NEDD4L

PDB:2ONI
Entry Clone Accession:gi:21619659
Entry Clone Source:nedd4l.BC032597.MGC.AT55-F3.pCMV-SPORT6
SGC Clone Accession:
Tag:mhhhhhhssgrenlyfqG
Host:BL21 (DE3)
Vector:p28a-LIC-TEV

Sequence: 

mhhhhhhssgrenlyfqGSREFKQKYDYFRKKLKKPADIPNRFEMKLHRNNIFEESYRRIMSVKRPDVLKARLWIEFESEKGLDYGGVAREWFFLLSKEMFNPYYGLFEYSATDNYTLQINPNSGLCNEDHLSYFTFIGRVAGLAVFHGKLLDGFFIRPFYKMMLGKQITLNDMESVDSEYYNSLKWILENDPTELDLMFCIDEENFGQTYQVDLKPNGSEIMVTNENKREYIDLVIQWRFVNRVQKQMNAFLEGFTELLPIDLIKIFDENELELLMCGLGDVDVNDWRQHSIYKNGYCPNHPVIQWFWKAVLLMDAEKRIRLLQFVTGTSRVPMNGFAELYGSNGPQLFTIEQWGSPEKLPRAHTCFNRLDLPPYETFEDLREKLLMAVEN





Growth





Medium:Terrific Broth (TB)

Procedure: NEDD4L was expressed in E. coli BL21 (DE3) grown in Terrific Broth (TB) in the presence of 50 µg/ml of kanamycin at 37 degC to an OD600 of 7.5. Protein expression was then induced with isopropyl-1-thio-D-galactopyranoside (IPTG), final concentration 0.05 mM, and incubated overnight at 15 degC. The culture was centrifuged and the cell pellets were collected and stored at -80 degC. To produce SeMet derivative of NEDD4L, the same bacterial cells were grown using M9 SeMet High-Yield growth media kit package (Medicilon) according to manufacturer's instructions.

Purification

Procedure: The cleared lysate was loaded onto a TALON metal-affinity resin column (BD Biosciences) at 4 degC (1.5 ml settled gel volume per liter original cell culture).
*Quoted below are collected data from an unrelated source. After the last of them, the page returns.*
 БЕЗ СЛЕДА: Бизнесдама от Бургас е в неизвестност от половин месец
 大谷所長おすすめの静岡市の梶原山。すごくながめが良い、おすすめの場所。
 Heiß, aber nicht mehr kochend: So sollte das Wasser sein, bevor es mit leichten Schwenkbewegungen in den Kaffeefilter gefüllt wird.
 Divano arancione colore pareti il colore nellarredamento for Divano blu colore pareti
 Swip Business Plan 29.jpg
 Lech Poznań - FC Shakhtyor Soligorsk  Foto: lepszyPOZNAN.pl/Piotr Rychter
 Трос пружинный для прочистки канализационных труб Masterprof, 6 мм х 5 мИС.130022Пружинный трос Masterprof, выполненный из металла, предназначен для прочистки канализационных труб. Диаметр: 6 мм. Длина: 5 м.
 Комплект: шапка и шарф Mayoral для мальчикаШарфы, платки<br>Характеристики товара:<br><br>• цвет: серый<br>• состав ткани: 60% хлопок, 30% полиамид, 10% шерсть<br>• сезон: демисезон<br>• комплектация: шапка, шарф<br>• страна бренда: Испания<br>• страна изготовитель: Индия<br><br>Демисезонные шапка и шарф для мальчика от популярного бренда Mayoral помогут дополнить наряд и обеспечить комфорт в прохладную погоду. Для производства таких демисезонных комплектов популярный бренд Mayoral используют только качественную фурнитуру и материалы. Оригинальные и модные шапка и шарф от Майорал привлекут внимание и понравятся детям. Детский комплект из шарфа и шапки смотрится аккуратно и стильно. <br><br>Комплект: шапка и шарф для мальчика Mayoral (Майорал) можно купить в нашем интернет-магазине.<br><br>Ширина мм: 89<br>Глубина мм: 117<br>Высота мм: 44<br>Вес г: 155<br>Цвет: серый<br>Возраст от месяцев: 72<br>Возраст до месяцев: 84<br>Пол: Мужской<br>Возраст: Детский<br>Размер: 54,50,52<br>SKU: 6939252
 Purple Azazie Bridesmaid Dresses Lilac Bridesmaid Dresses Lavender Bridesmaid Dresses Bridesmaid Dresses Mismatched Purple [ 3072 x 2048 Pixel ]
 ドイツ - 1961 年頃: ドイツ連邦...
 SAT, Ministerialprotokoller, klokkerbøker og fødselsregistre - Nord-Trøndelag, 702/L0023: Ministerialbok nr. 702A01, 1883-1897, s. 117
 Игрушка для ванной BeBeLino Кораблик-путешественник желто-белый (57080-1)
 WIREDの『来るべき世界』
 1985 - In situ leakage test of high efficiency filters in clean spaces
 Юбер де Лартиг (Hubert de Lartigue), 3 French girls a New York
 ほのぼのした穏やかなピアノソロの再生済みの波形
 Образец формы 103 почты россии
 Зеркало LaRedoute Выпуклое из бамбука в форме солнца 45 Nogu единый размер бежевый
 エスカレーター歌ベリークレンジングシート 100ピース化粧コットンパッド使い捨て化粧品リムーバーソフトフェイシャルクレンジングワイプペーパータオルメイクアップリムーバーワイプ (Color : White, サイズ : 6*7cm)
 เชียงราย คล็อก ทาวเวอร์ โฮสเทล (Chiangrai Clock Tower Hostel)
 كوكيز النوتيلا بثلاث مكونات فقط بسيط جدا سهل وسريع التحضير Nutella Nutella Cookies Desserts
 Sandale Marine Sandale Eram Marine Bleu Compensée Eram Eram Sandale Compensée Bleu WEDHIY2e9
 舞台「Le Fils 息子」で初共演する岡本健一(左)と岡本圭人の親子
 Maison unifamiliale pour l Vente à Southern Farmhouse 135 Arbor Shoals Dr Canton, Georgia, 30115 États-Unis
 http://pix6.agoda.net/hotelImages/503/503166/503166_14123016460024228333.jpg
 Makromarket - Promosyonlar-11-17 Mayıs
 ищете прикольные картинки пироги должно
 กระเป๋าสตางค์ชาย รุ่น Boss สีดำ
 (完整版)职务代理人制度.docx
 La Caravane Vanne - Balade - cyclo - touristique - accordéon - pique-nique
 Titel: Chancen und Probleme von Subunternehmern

The column was washed with 10 ml wash buffer A, 10 mlwash buffer B and then with 30 ml wash buffer A, and the protein was eluted with 6 ml elution buffer. The protein was further purified by gel filtration on a HighLoad 16/60 Superdex 200 column (GE Healthcare, Amersham) equilibrated with GF buffer and concentrated by ultrafiltration to a final protein concentration of 10 mg/ml using Amicon Ultra centrifugal filter with 10kD cutoff.

Extraction

Procedure: The cell pellet was resuspended in lysis buffer containing protease inhibitor (0.1mM phenylmethyl sulfonyl fluoride, PMSF) and lysed using Microfluidizer. The lysate was cleared by centrifugation.

Structure Determination

Crystallization:Crystals were grown in hanging drops by mixing 2 microL protein solution with 2 microL well solution (1.7 M sodium/potassium phosphate, pH 6.0, 1 mM DTT) at 21 degC. For cryoprotection, the crystals were soaked in 2 M sodium-potassium phosphate, pH 7.0, 1 mM DTT, 25% ethylene glycol and 2 mg/ml Nedd4l.574.947.